Incat Crowther, Kangnam to Build 80-Metre High-Speed Ro-Pax Cat for Korea
Incat Crowther and Kangnam have been commissioned to build an 80-metre, six-engine Ro-Pax cat that will push 572 passengers to 45 knots across the Yellow Sea.

Sung Man Hwang, CEO of Korea Express Ferry, has signed off on an 80-metre high-speed Ro-Pax catamaran with Incat Crowther and South Korea's Kangnam Corporation, replacing aging tonnage on the Incheon to Ongjin County routes with a vessel that concentrates 15,360 kilowatts of diesel power into a 19-metre-beam aluminium hull.
That number has a useful benchmark. The world's fastest passenger ferry in commercial service, the 99-metre HSC Francisco, achieves 58.1 knots on gas turbines. This vessel achieves 45 knots at 20 metres shorter on six diesel engines, and that gap is the design's deliberate statement: efficiency and operational redundancy on tight island-economy schedules, not sprint performance. The six engines are six MTU 16V4000M65L IMO2 units, each rated at 2,560kW at 1,800rpm and driving six waterjets. Service speed sits at 36 knots with the 45-knot ceiling available when conditions and scheduling demand it.
Dan Mace, Technical Manager at Incat Crowther, cited the off-the-shelf waterjet and gearbox pairing explicitly: "The new vessel will feature a six-engine drivetrain using MTU M05 series engines, paired with standard waterjets and gearboxes to simplify installation and maintenance." Mace also noted that the hull geometry incorporates a wide turning circle to accommodate vehicle loading and unloading at the island terminals, which the ferry will reach via a bespoke stern ramp for vehicles and twin pedestrian boarding ramps designed for step-free access.
The car deck fits 60 standard vehicles or 50 utility trucks. Passenger capacity is 572, with a 12-person crew. The three Yellow Sea destinations served from Incheon, Daecheongdo, Baengnyeongdo, and Socheongdo, are the economic context: communities that depend on this corridor for freight, commerce, and daily movement. The passenger interior reflects that reality, with multiple seating classes, accessibility facilities, a parent zone, a pet zone, and a medical room built into the fitout.
This is the second Incat Crowther-Kangnam-KEF collaboration. Korea Pride, a 72-metre passenger ferry, has operated from Incheon since 2022, and its service record was the direct evidence base for the new order. The 80-metre design extends that architecture by eight metres and adds full Ro-Pax capability to what was previously a passenger-only platform.
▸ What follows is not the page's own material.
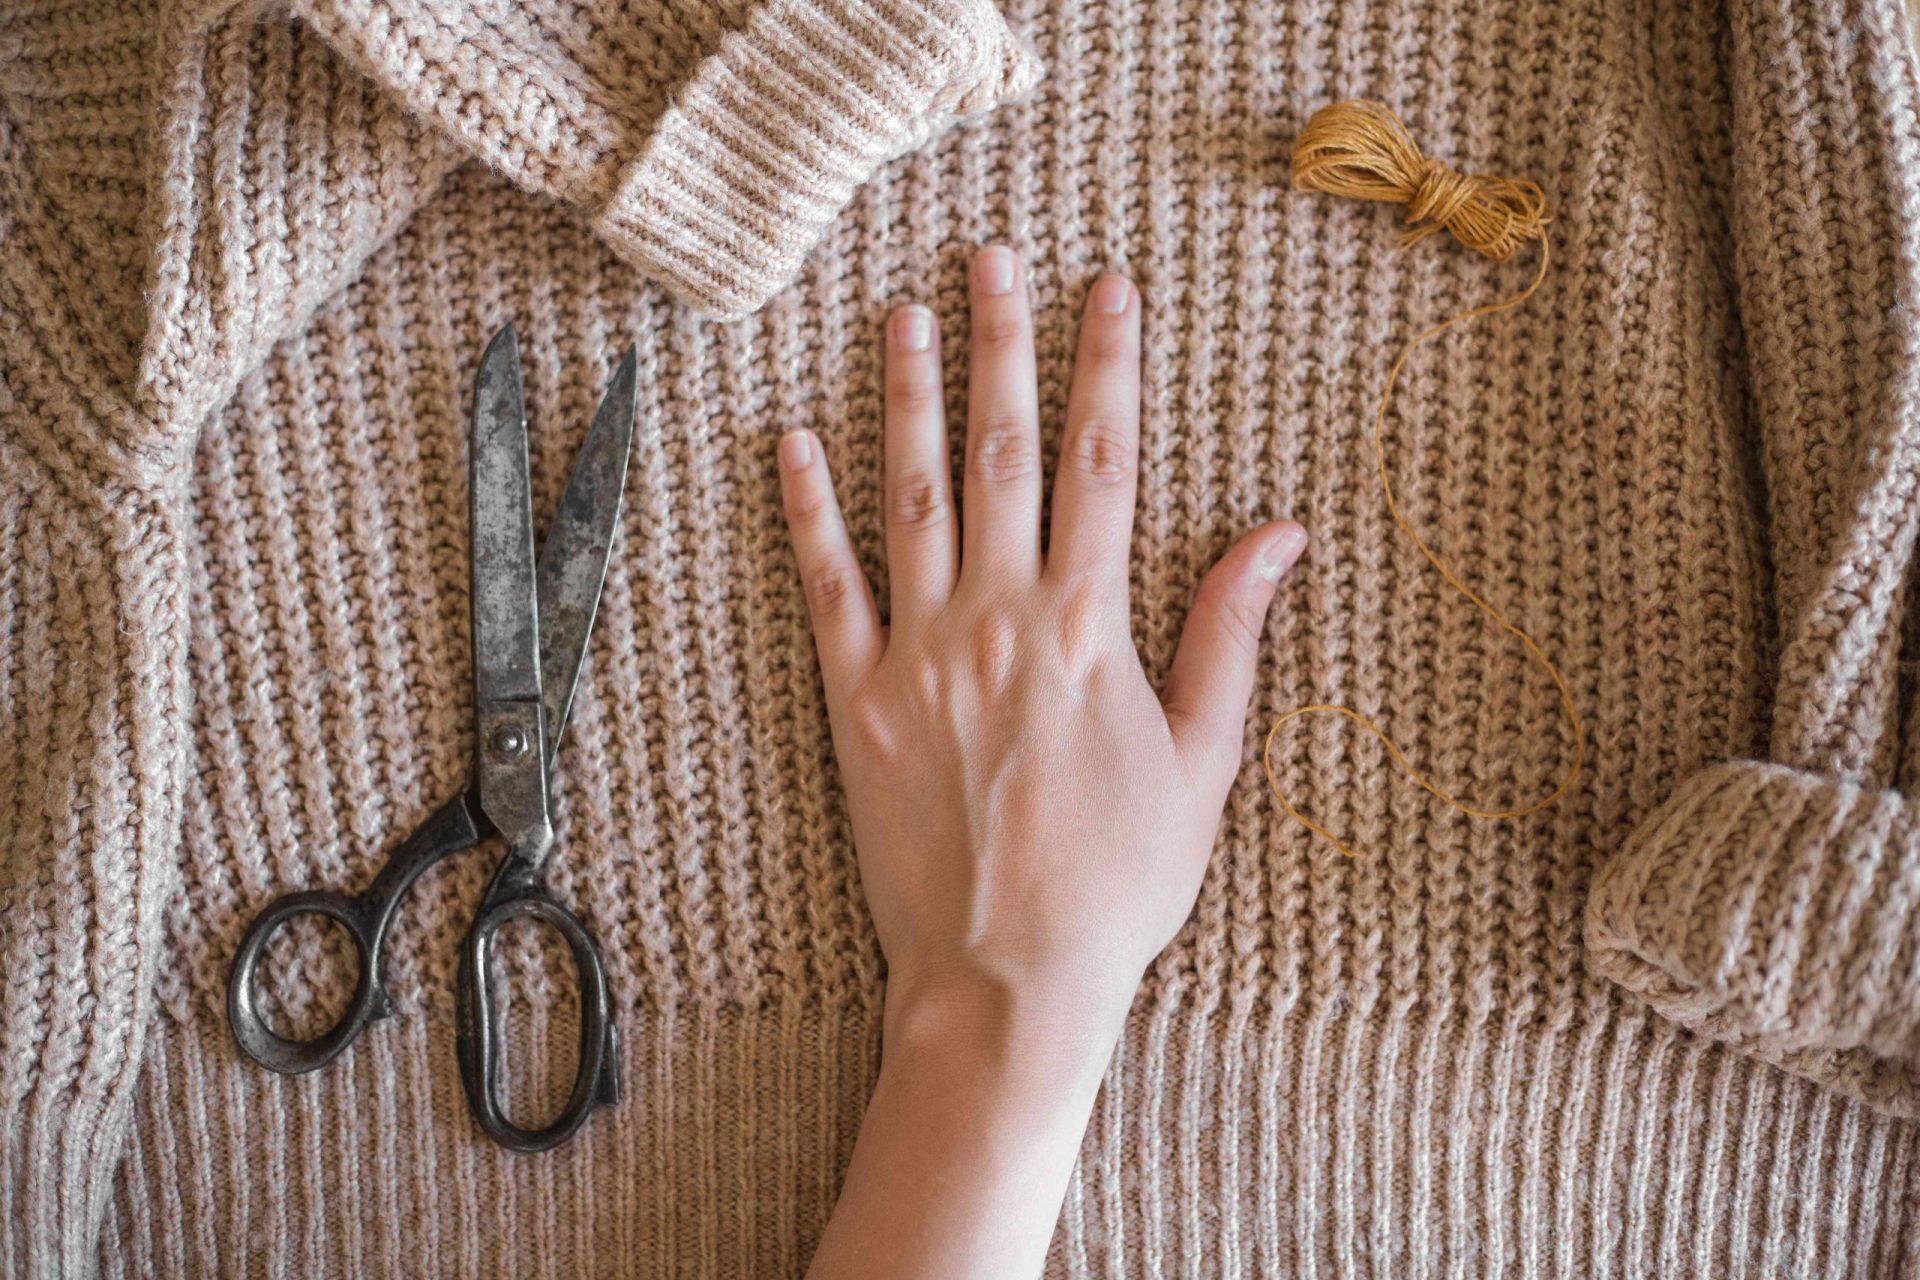 la mano se extiende sobre un jersey grueso de color canela para medirlo con tijeras e hilo

"This new vessel represents a significant step in improving connectivity between Ongjin County and Incheon," Hwang said. "The increased vehicle capacity will support local businesses and residents, while providing reliable and comfortable passenger service."
Construction at Kangnam's yard is scheduled to begin in the second half of 2026, with delivery targeted for 2028. The hull will be built in marine-grade aluminium to a 2.3-metre draft and 5.5-metre depth. If the timeline holds, KEF will have one of the largest domestically built aluminium fast-ferry Ro-Pax catamarans in South Korean service operating one of the country's most demanding island routes.